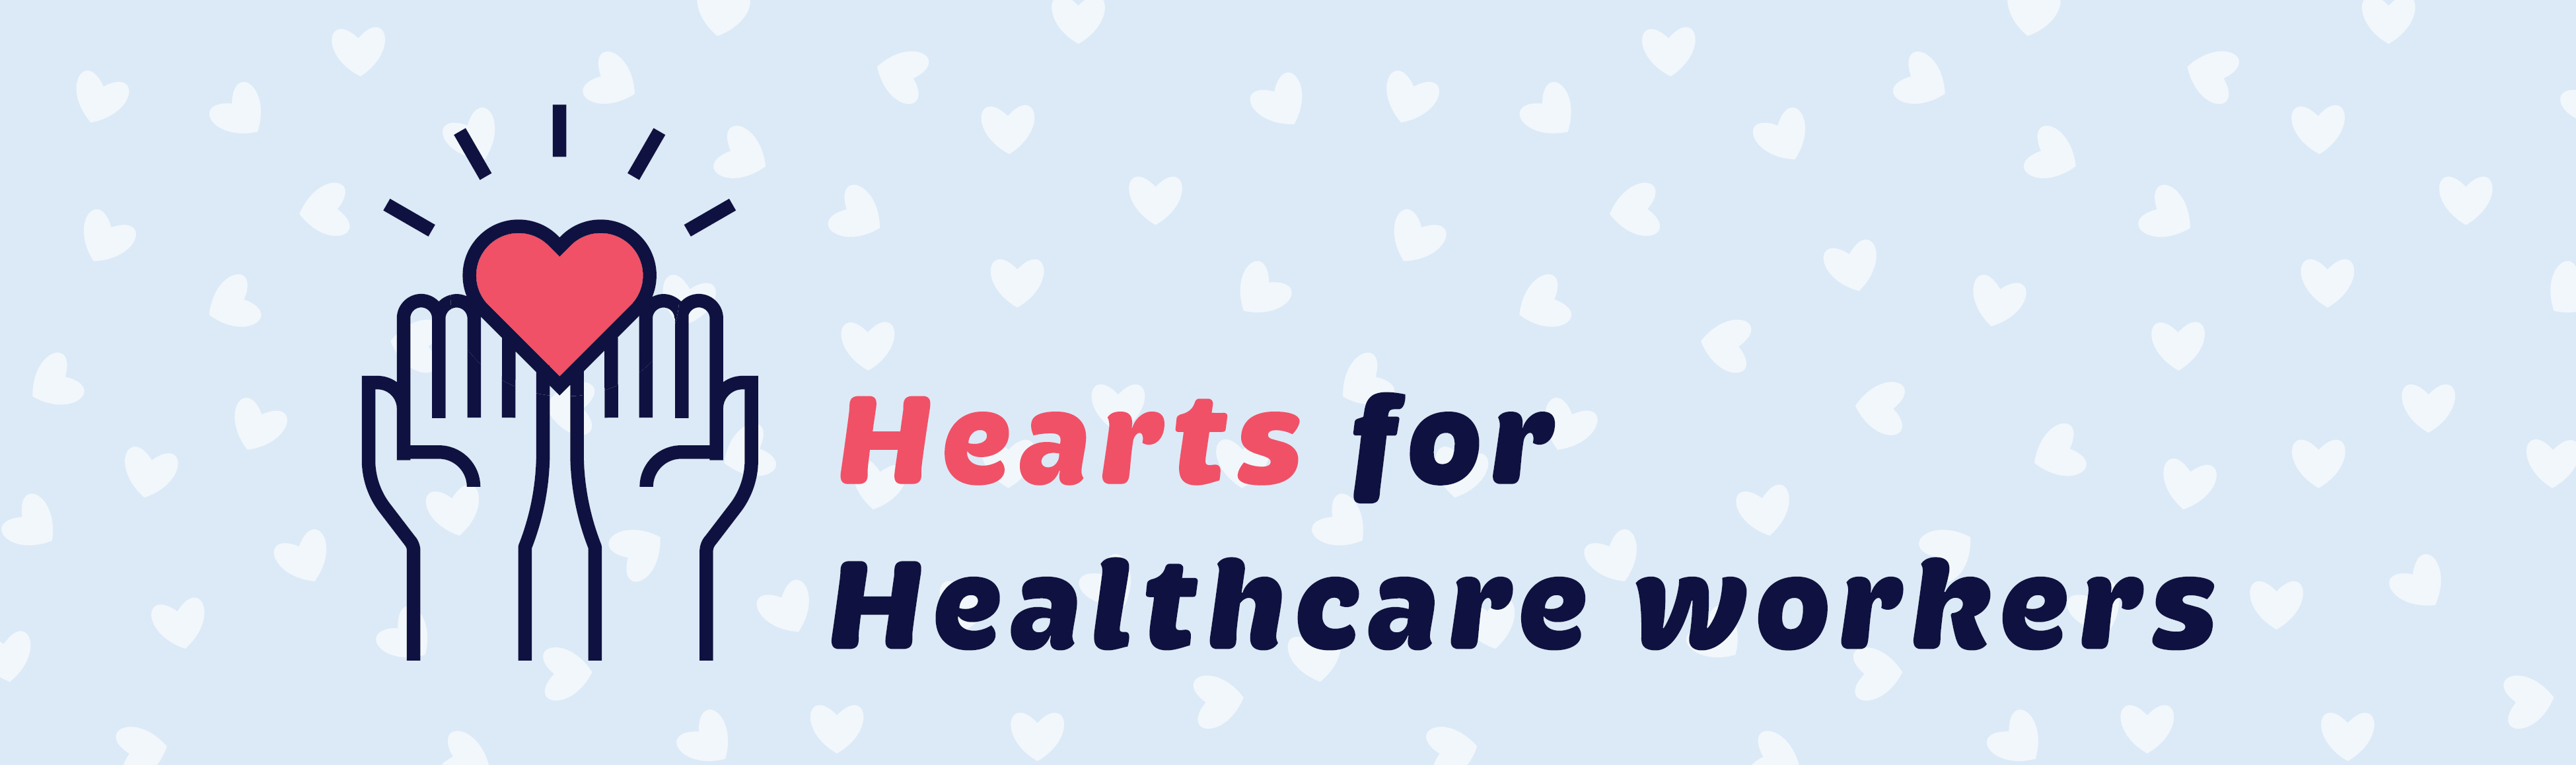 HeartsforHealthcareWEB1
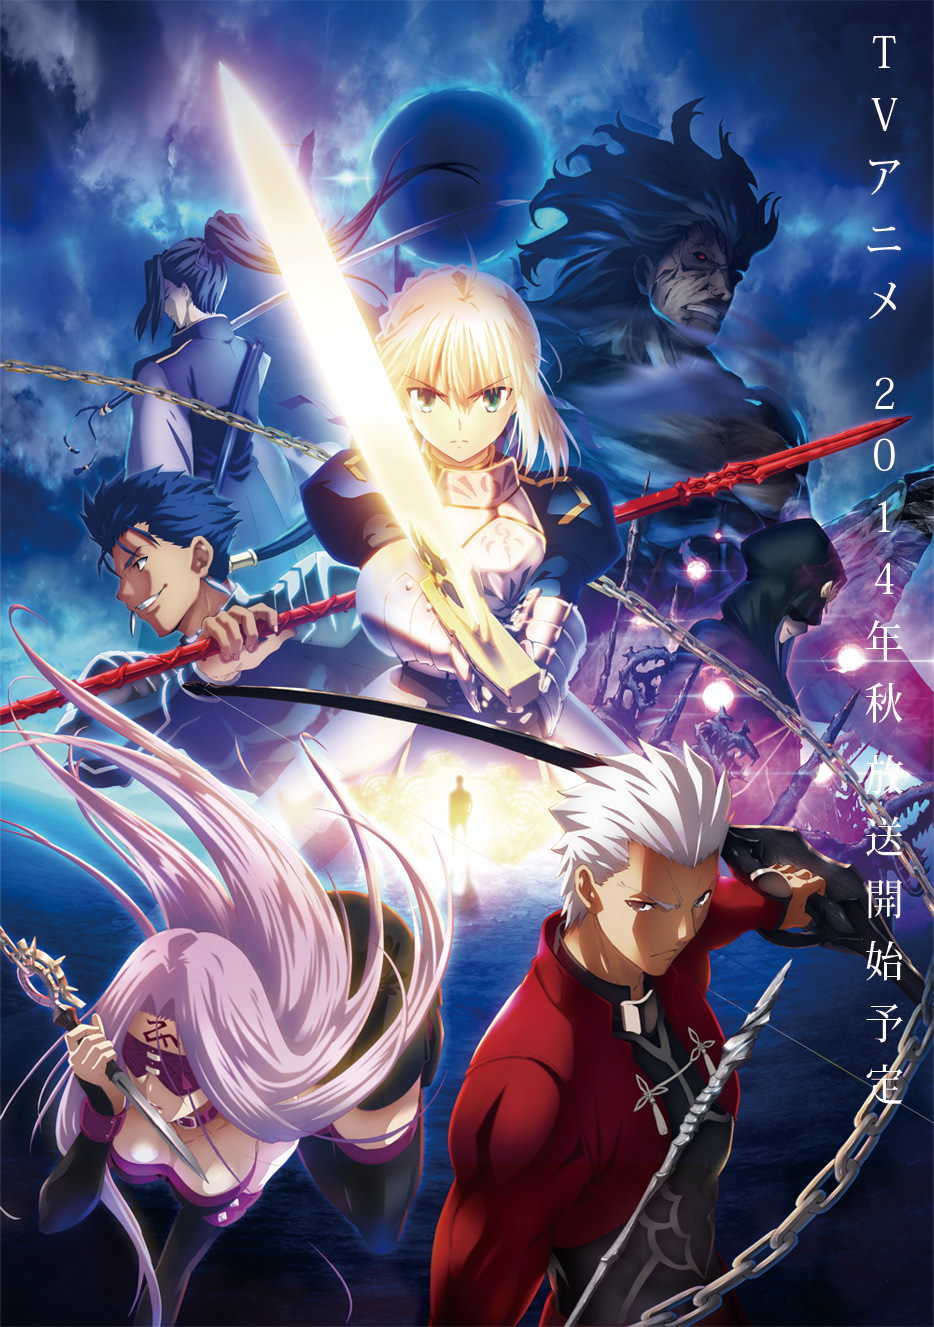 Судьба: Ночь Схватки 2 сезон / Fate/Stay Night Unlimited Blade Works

---

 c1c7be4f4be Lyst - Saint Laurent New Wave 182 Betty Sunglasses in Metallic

...

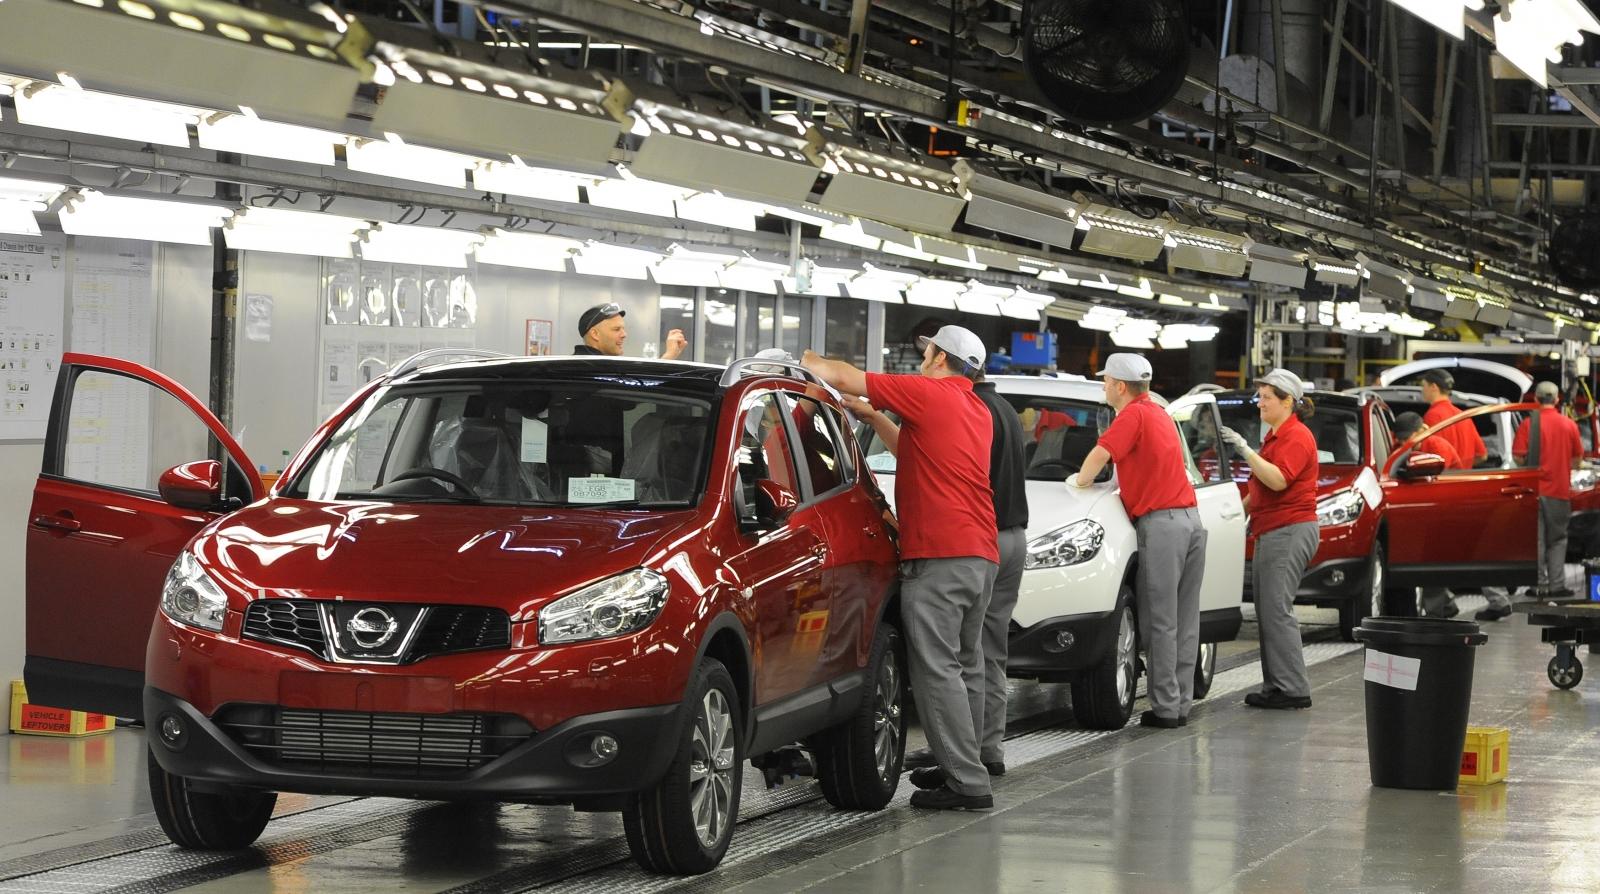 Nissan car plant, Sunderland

| TASK DESCRIPTION |
Within the listing above, the stretch from the line with "HeartsforHealthcareWEB1" down to the line with "Судьба: Ночь Схватки" is to be given again exactly, end lines included and pictures excluded.

| EXERCISE ANSWER |
 HeartsforHealthcareWEB1
 Судьба: Ночь Схватки 2 сезон / Fate/Stay Night Unlimited Blade Works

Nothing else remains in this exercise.